This review was written for and appears on Punch Drunk Movies. Check out the site when you have a chance.
Jump scares. I hate them. “A Quiet Place” is full of jump scares, cheap ones too. I was apprehensive about the movie. But by the end, even though I jumped more than I’m comfortable with (which is more than zero), I had a good time with it.
As a whole, the movie is slightly slight. Story-wise, there’s not much to it. In the near future, humanity is decimated, cut down by alien monsters. A family tries to survive the apocalyptic scenario.
It’s the details, though, that make the movie more interesting. The invaders are not smart, intergalactic travelers with superior weaponry. They’re wild animals; fast, aggressive, and naturally armored wild animals that are impossible to kill. But there’s another hook, and it’s a good one: These aliens can’t see, at all. They hunt their prey solely by sound.

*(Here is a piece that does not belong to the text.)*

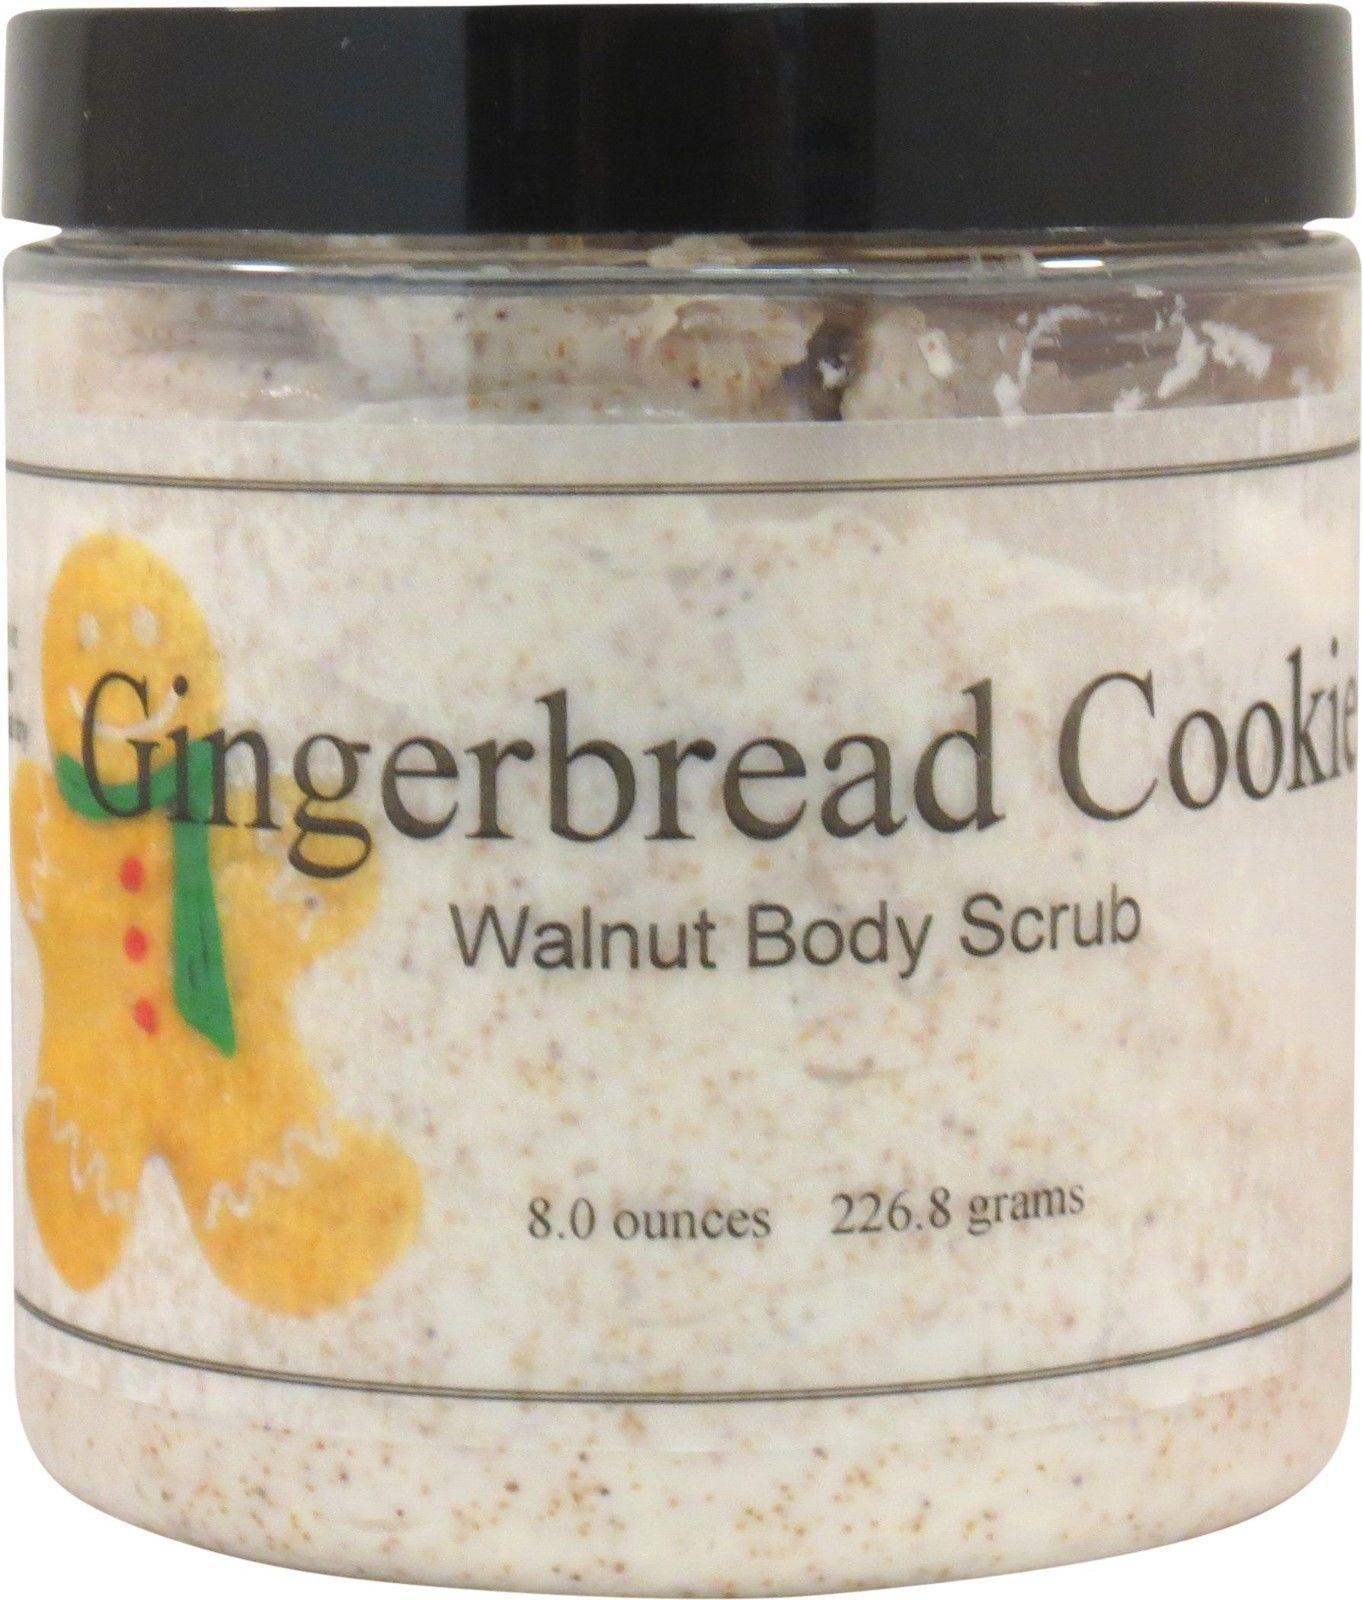 Gingerbread Cookie Walnut Body Scrub

Amidst this alien threat, Evelyn (Emily Blunt) and Lee (John Krasinski, who also directed and co-wrote the script, along with Bryan Woods and Scott Beck) attempt to raise their three children on their family farm in rural New York. Soundproofed as best as possible –sand, for example, is placed in all walking areas, even into town– the family tries to live as normal a life as possible. But Evelyn is pregnant. How do you bring a baby into a world where noise means certain death?
As the setup implies, the movie is mostly wordless, with the characters communicating almost solely through sign language (helpfully subtitled). This gives the movie a unique vibe. In between alien attacks, it has a quiet, almost serene feeling amidst the fall foliage, gentle winds rustling through the orange trees of its bucolic setting. Of course, this quiet also gives Krasinski ample opportunities for the “unexpected” OOGIDY BOOGIDY!!!! scares audiences expect from a thriller such as this (and yes, thriller is a better descriptor than horror in this case. It’s more tense than horrifying), and he takes full advantage of the opportunity.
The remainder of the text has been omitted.